The purpose of this study is to study the prevalence of glaucoma in Korea, the investigators selected Namil area in Geumsan city, located in central Korea. The residents aged over 40 in this area are to be recruited to full ophthalmologic examination to detect and classify the glaucoma.


Condition
Glaucoma
Intraocular Pressure
Optic Nerve Head
Visual Field

Study Type: Observational
Study Design: Observational Model: Cohort
Time Perspective: Cross-Sectional
Official Title: Epidemiologic Study for the Prevalence of Glaucoma in Namil Area, Geumsan City, South Korea

Resource links provided by NLM:


Further study details as provided by Korean Glaucoma Society:

Primary Outcome Measures:
  • Prevalence of glaucoma in Namil area [ Time Frame: cross-sectional ] [ Designated as safety issue: No ]

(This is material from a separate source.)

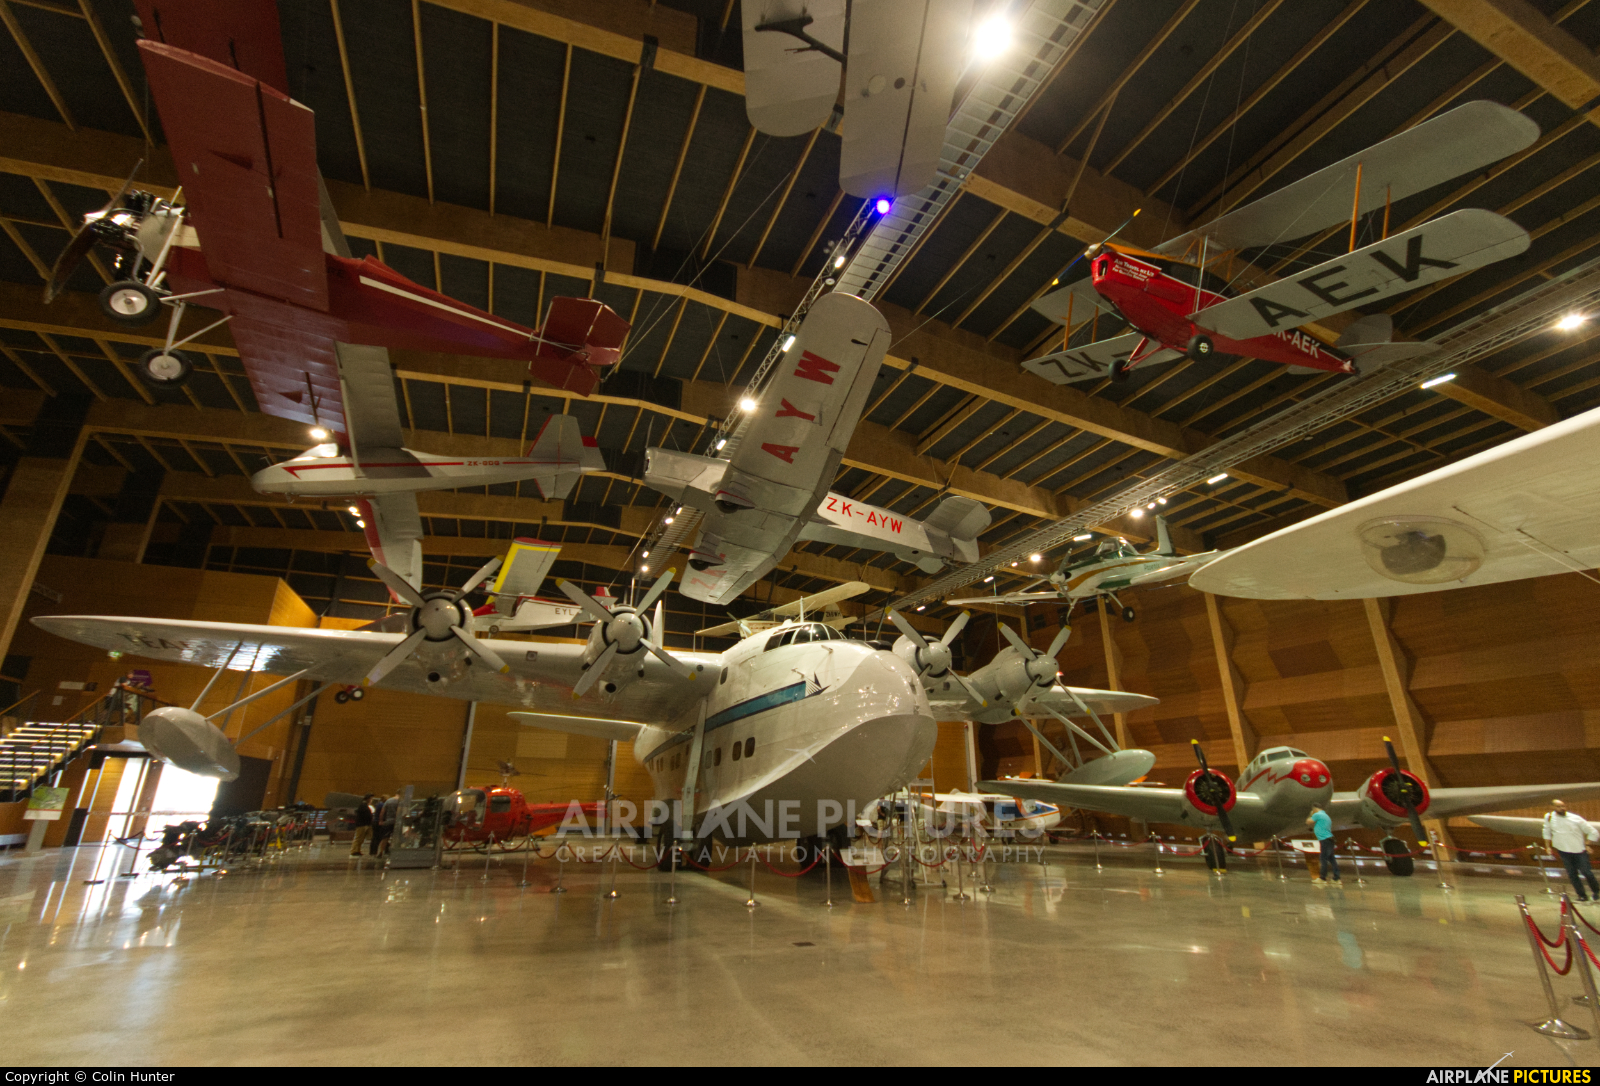 Tasman Empire Airways Ltd(TEAL) ZK-AMO aircraft at Off Airport - New Zealand

Secondary Outcome Measures:
  • Clinical factors associated with the glaucoma [ Time Frame: cross-sectional ] [ Designated as safety issue: No ]

Enrollment: 1532
Study Start Date: November 2007
Study Completion Date: February 2008
Primary Completion Date: February 2008 (Final data collection date for primary outcome measure)
Detailed Description:

Screening includes following examinations; Questionaire and Consent form, Visual acuity test, Auto-refraction, IOL Master measurement, Pachymetry, FDT Perimetry, Fundus Photography, Slit lamp examination, Goldmann applanation Tonometry, Gonioscopy, and Binocular optic disc evaluation. For the cases showing any abnormality in FDT perimetry, optic disc morphology, or intraocular pressure, Humphrey automated visual field test is to be performed as an extended examination. Finally, optic nerve head evaluation by OCT or GDx analyzer is to be used as a confirmation test, as well as additional Humphrey visual field test.

  Eligibility

Ages Eligible for Study:   40 Years and older
Genders Eligible for Study:   Both
Accepts Healthy Volunteers:   Yes
Sampling Method:   Probability Sample
Study Population

All residents aged over 40 in Namil area in Geumsan city

Criteria

Inclusion Criteria:

  • All residents aged over 40 in Namil area

Exclusion Criteria:

  • Individuals registered but not actually living in this area
  Contacts and Locations
Choosing to participate in a study is an important personal decision. Talk with your doctor and family members or friends about deciding to join a study. To learn more about this study, you or your doctor may contact the study research staff using the Contacts provided below. For general information, see Learn About Clinical Studies.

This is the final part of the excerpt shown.